Do the wealthy still "Holla Back?"

According to Hayek, they still do, well, circa 1960 that is. I rather like the idea of having a certain sect of the wealthy class that, after attaining their corpulent supply of currency, sit around, sip wine, and play exuberant amounts of polo. It's harmless, well deserved, and pretty darn classy if you ask me. What I don't like however, is the existence of an upper-upper class; a hyper rich elite that practices not the leisurely lifestyle of the aforementioned wealthy class, but devotes the majority of their time to consolidating, growing, and and hoarding their wealth at the expense of the "employed majority." Hayek mentions on page 123 that,

"When an employed majority determines legislation and policy, conditions will tend to be adapted to the standards of that group and become less favorable to the independent."
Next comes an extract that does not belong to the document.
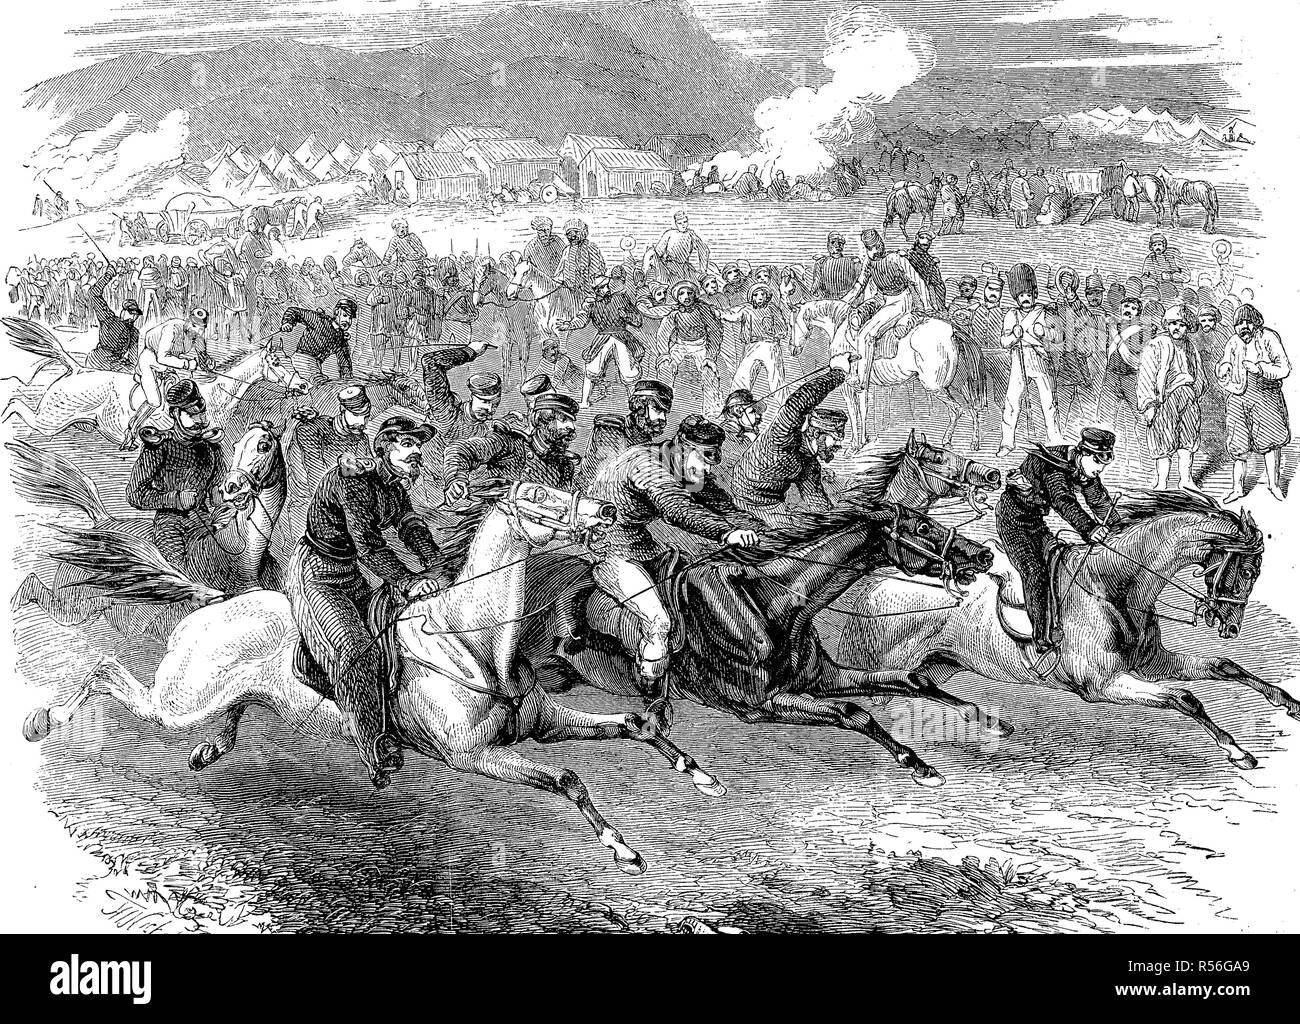 Rider jeux à détourner les soldats dans le camp anglais de Sébastopol, guerre de Crimée, 1855, gravure sur bois, Russie Banque D'Images

This notion would hold truth in a society where hyper-rich and corporate interests effects on governmental legislation were proportional to the majority of the citizens. Unfortunately for the United States, or at least her working class "employed majority", this has proven to be very questionable. I fail to see how the voice of the majority can be heard over that of a 1% that controls more wealth than the bottom 50%, especially in the United States. I'm not bashing Hayek on his point made in this portion of the chapter as much as I'm curious as to how he'd respond to the gross permutation the wealth distribution in the United States has taken. Clearly, this is a major problem that needs solving; does the solution lie in government intervention? If yes, what sort of intervention? Higher tax brackets? Limits on political influence?
If the solution lies outside of government intervention, where then?

1 comment:

  1. Excellent questions Caleb, but more importantly-
    Does the poor college student class "Holla back?"